In fact, have a plan A, B, and C.  Why?  Because it’s all too easy to wake up, see that it’s raining, and go back to sleep because you wanted to go running.  That exact thing happened to me recently when it was tornado-ing outside, and I moved on to plan B: row machine for a half hour.  Only guess what???  My legs were extremely tight and sore from yard work, and I knew I couldn’t do 30 minutes without hurting myself.  So I moved on to plan C: 15 minutes rowing, followed by 15 minutes light yoga and foam rolling.  Boom!  I got in my half hour and felt great the rest of the day.

Put your clothes out.  Now that you have a plan, get all your crap ready the night before.  What I pack in my gym bag (if applicable) depends entirely on how I’ll be exercising.  My examples:

Running around the block–>Lay out workout clothes and run first thing.  Shower at home.  Dress for work at home.

Weights at the gym–>Shower at home first thing.  Wear workout clothes to the gym.  Dress for work at the gym (pack work clothes).

Cardio at the gym–>Wear workout clothes to the gym.  Shower at gym (pack all my shower stuff).  Dress for work at the gym (pack work clothes).

See?  The prep scenarios are different based on my workout.  So make your plan, then set everything out the night before so you can grab-and-go.

Make your food.  Again, go off your plan.  I eat before and after weights, but only after cardio (eating before makes me sick).  I might take a LaraBar, protein shake, some frozen waffles with peanut butter, or a fruit smoothie with me to the gym.  If you can make it the night before definitely do so, but otherwise make sure your ingredients and utensils are set out so you don’t waste time looking for a shaker ball, etc.

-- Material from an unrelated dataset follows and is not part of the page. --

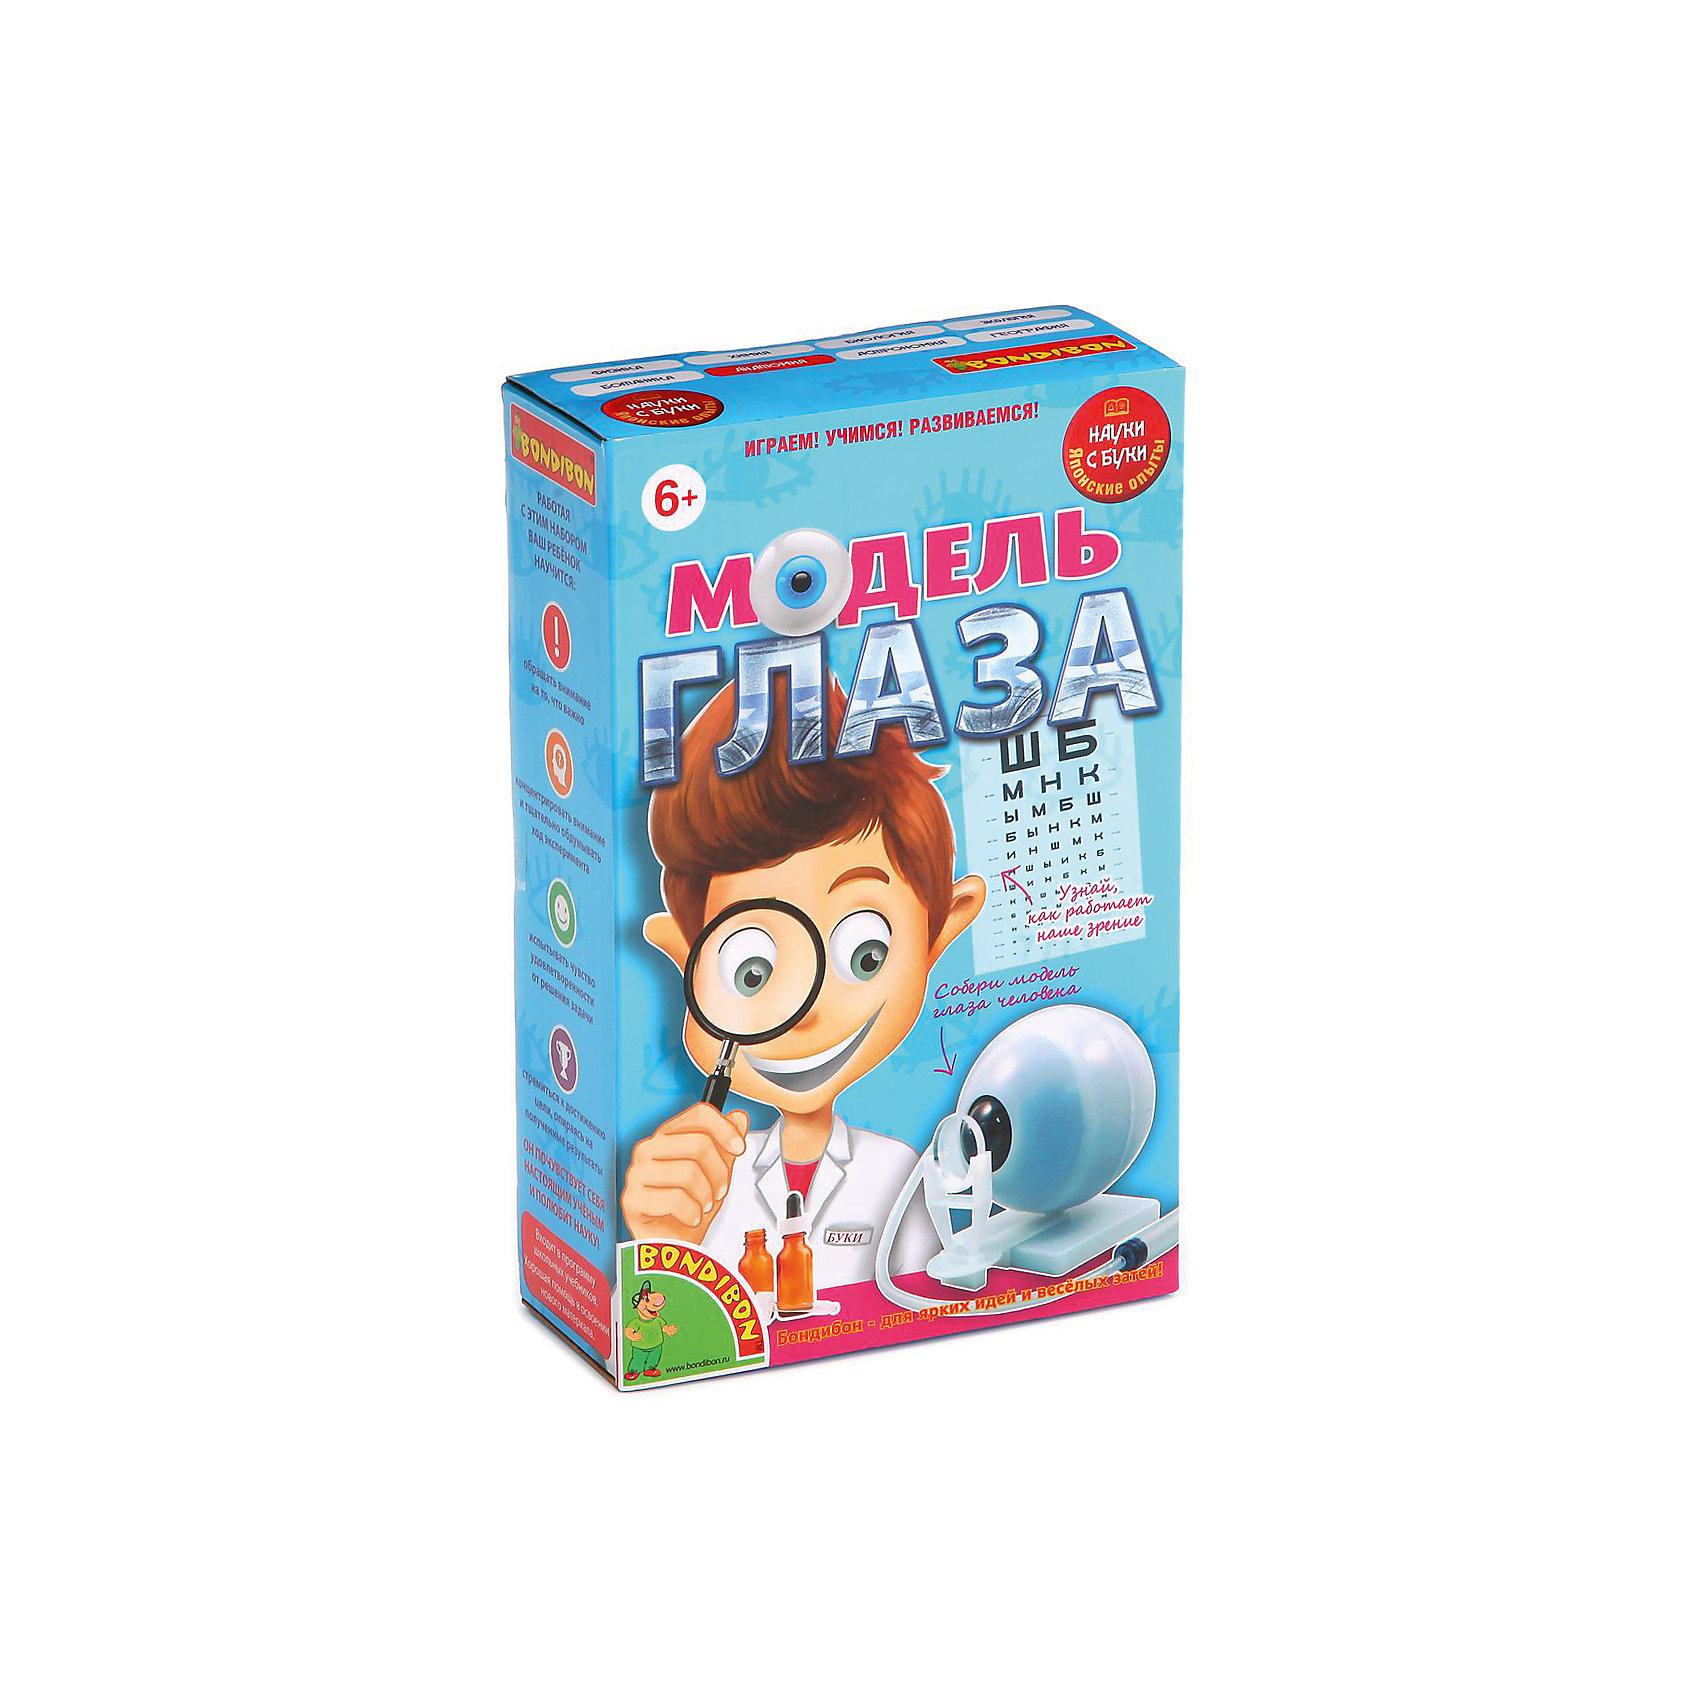 Японские опыты Модель глазаЭксперименты и опыты<br>Японские опыты Модель глаза – поможет ребенку узнать ответы на самые необычные вопросы.<br>Набор японских опытов – это необычная методика познавания мира. Благодаря такому набору ребенок сможет получать знания в игровой форме. Модель глаза, которую будет собирать ребенок, поможет малышу ценить зрение, понимать как состоит глаз, что такое дальнозоркость и близорукость. Наука для малышей стала еще интереснее. <br><br>Дополнительная информация:<br><br>- материал: пластик, резина, пленка<br>- размер упаковки: 13х20,5х5,5<br>- вес: 300 г<br><br>Японские опыты Модель глаза можно купить в нашем интернет магазине.<br><br>Ширина мм: 13<br>Глубина мм: 6<br>Высота мм: 21<br>Вес г: 162<br>Возраст от месяцев: 72<br>Возраст до месяцев: 144<br>Пол: Унисекс<br>Возраст: Детский<br>SKU: 4993080

Find motivation.  Normally, I roll out of bed, get dressed, and am three streets away before I really wake up and am coherent.  My morning routine was totally devoid of motivation, but it never occurred to me that I needed any.  All that changed when I found The Rock Clock.  The Rock

The rock fanny pack

Yep, this one

designed an alarm clock app that allows you to set a goal, and when the alarm goes off your goal is displayed.  There’s also a motivational video or saying from The Rock himself that you can play as you get up and get ready.  And the best part of all, you can choose a funny alarm, like The Rock singing to you or kittens meowing.  It might sound dumb, but the last several days I’ve been awoken by Dwayne Johnson crooning to “get my ass out of bed,” then read the words “lose ten pounds” on my phone, then watched as he lifted crazy weights…and I’m so freaking motivated to exercise.

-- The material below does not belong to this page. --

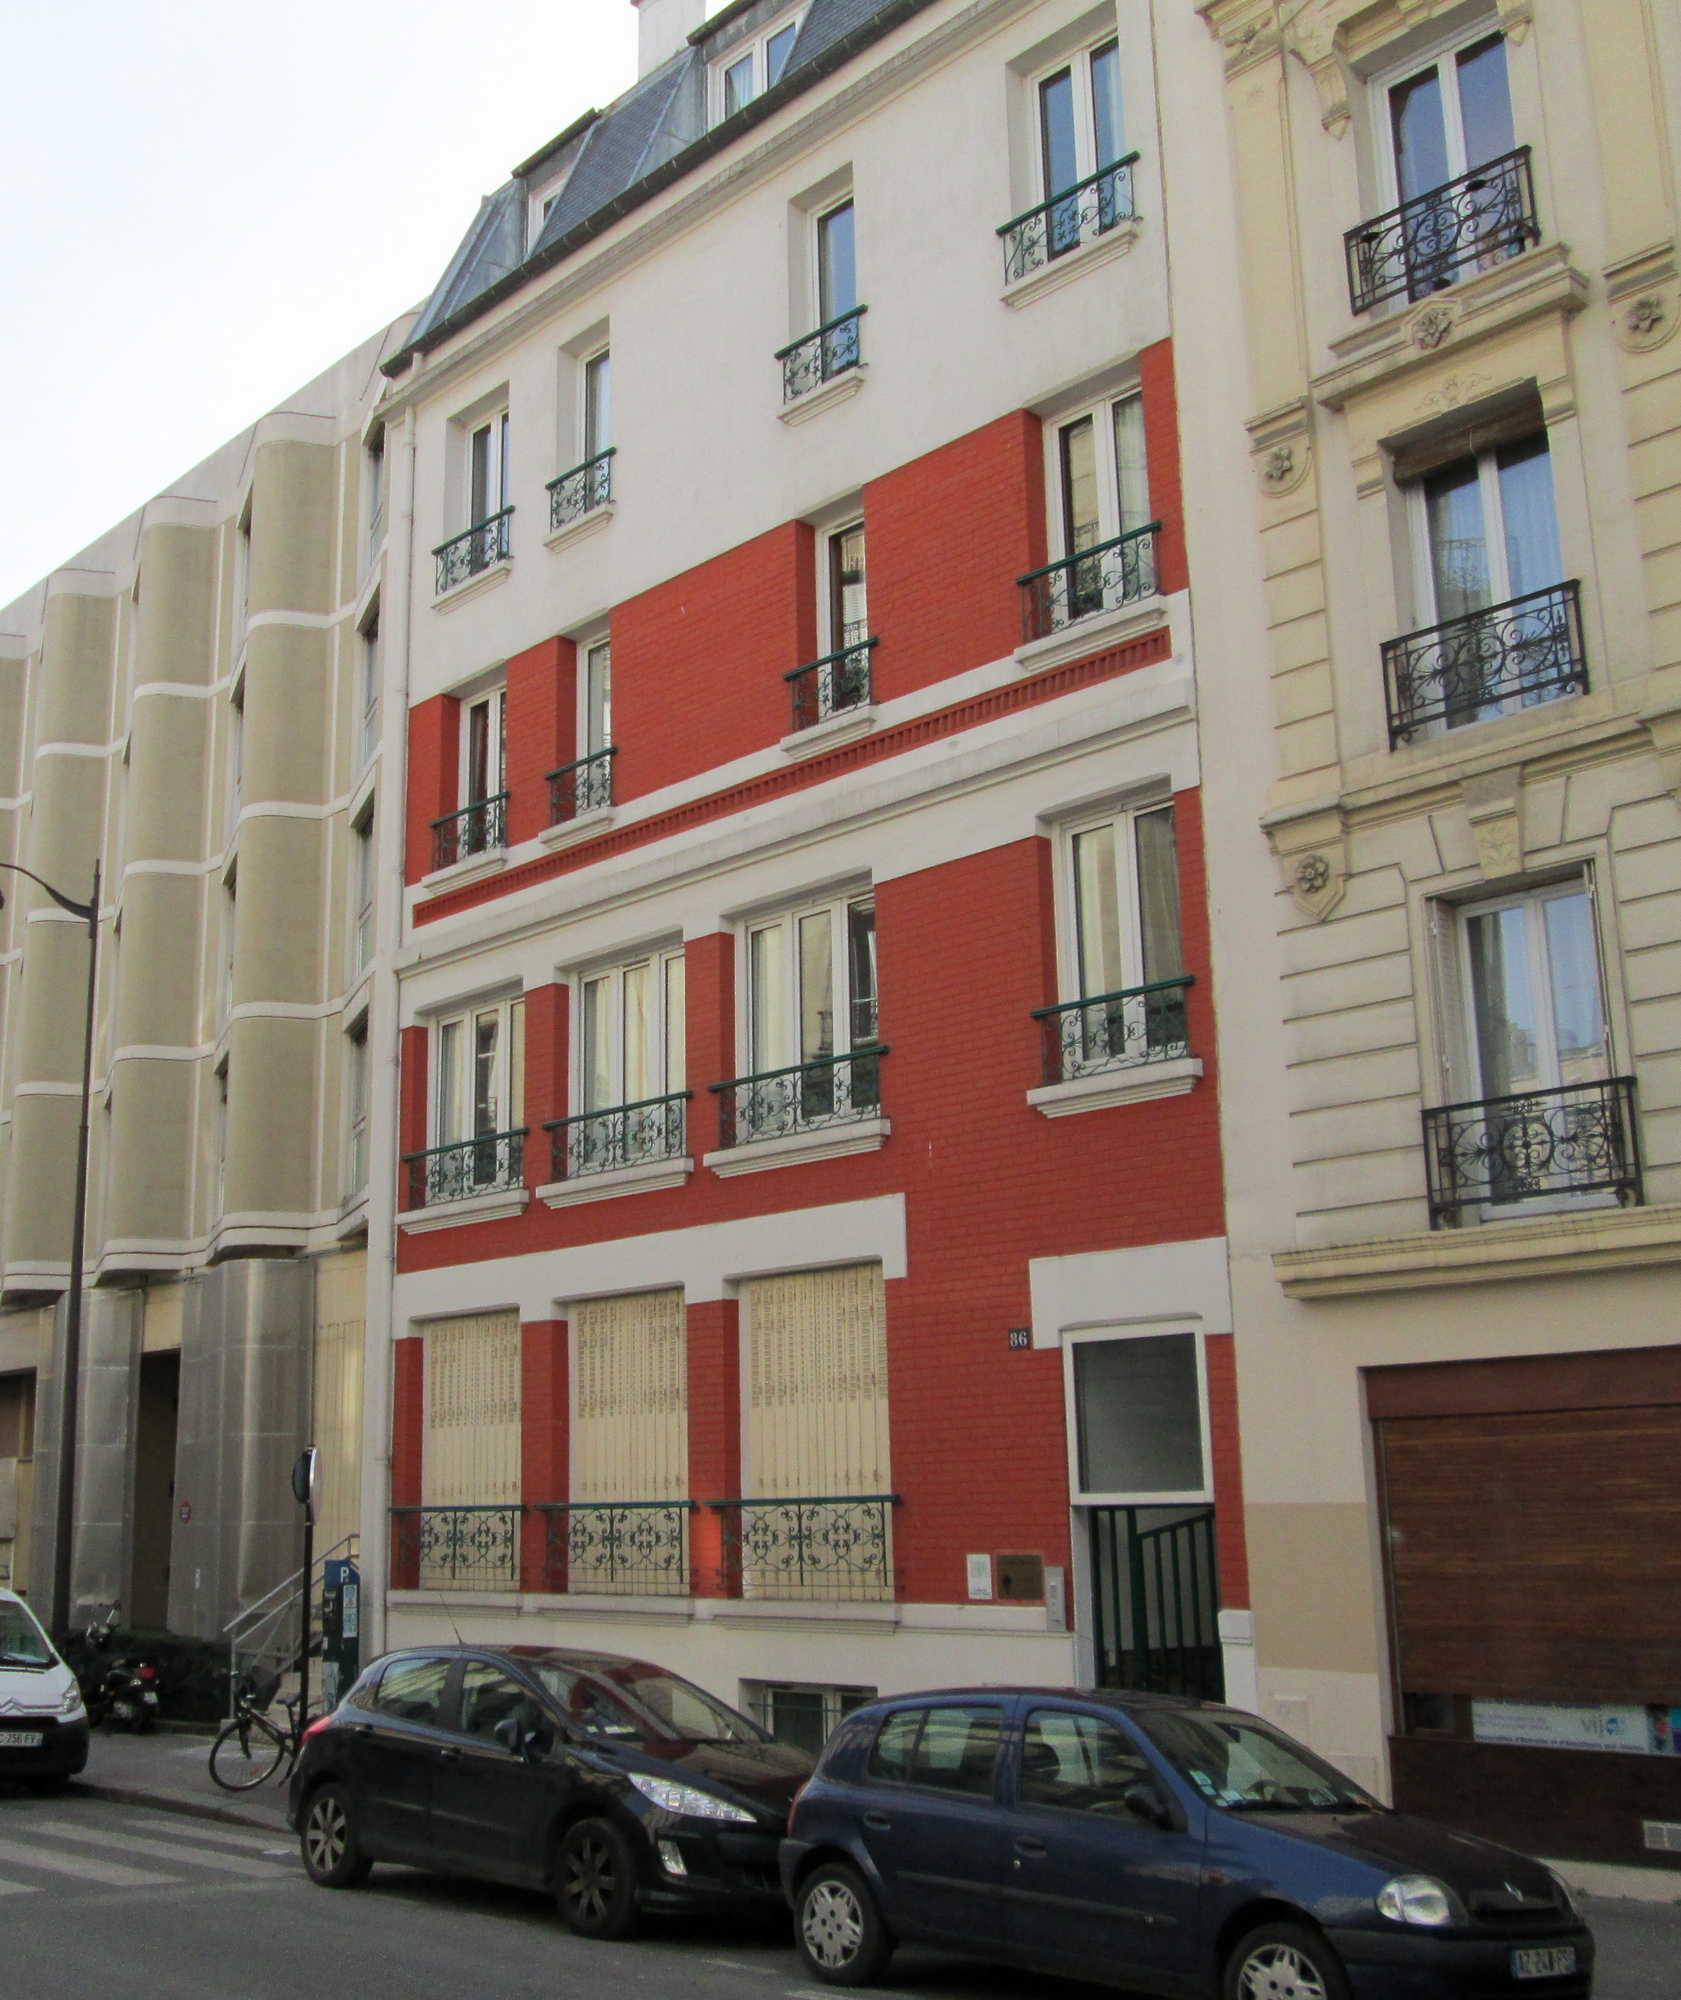 Hotel Foyer Le Pont Paris : Bilder und gedanken matthias jung

You don’t have to use The Rock Clock if that’s not your jam, but try putting a motivational quote or picture where you’ll see it first thing.  Find an image, song, or whatever to focus on right when you wake up, and doing the actual work goes sooooo much smoother.

Alright, that’s all I have for morning exercise.  What do other early birds think?  Are any night owls gonna try this out?  Let me know in the comments!